Oh Happy Day: An All-Star Music Celebration is a gospel music compilation album. It won Best Traditional Gospel Album at the 2010 Grammy Awards.

Production and recording
The album was produced by Ken Levitan, Jon Bon Jovi, Bill Hearn, Jack Rovner, Ken Pennell, and Cedric Thompson.

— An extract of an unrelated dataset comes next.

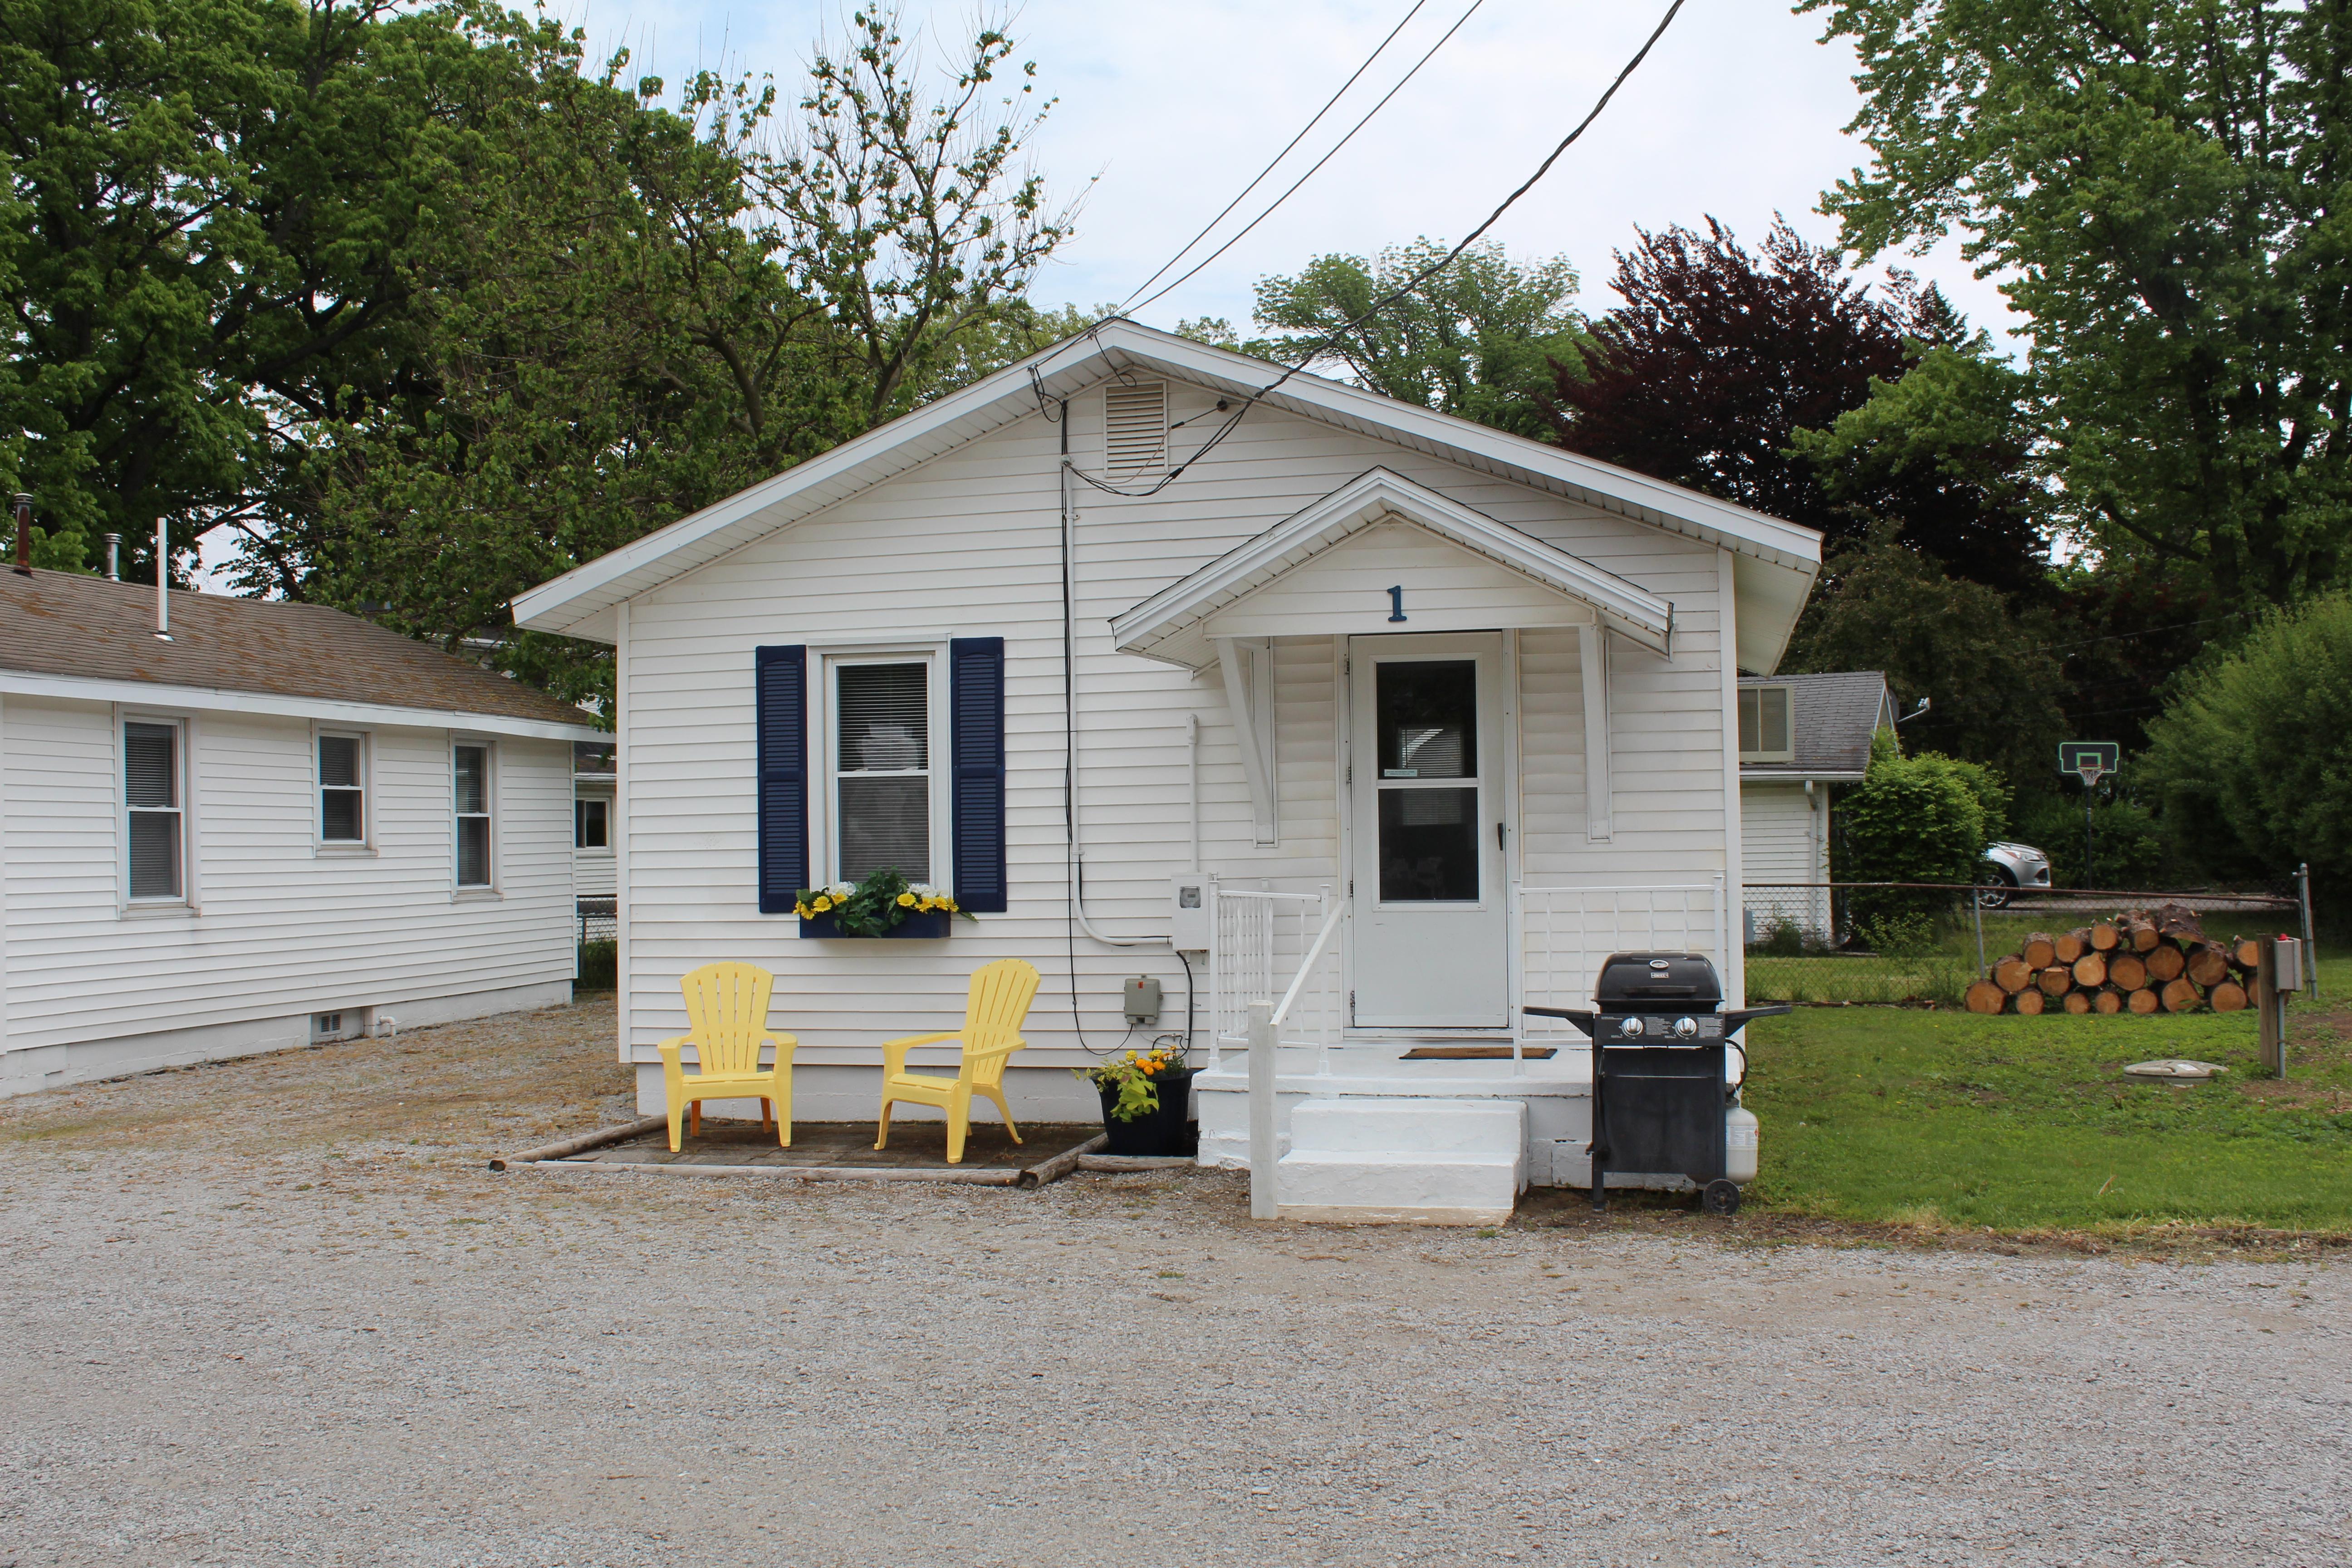 Cottage #1

Songs were produced by Drew & Shannon, Johnny K, Sanchez Harley, Obie O’Brien, Keith Thomas, Simon Climie, Michael McDonald, Tommy Sims, Barry Beckett, Joss Stone and Buick Audra.

The album was mastered by Ken Love at Mastermix, in Tennessee.

Awards
In 2010, the album was nominated for a Dove Award for Special Event Album of the Year at the 41st GMA Dove Awards.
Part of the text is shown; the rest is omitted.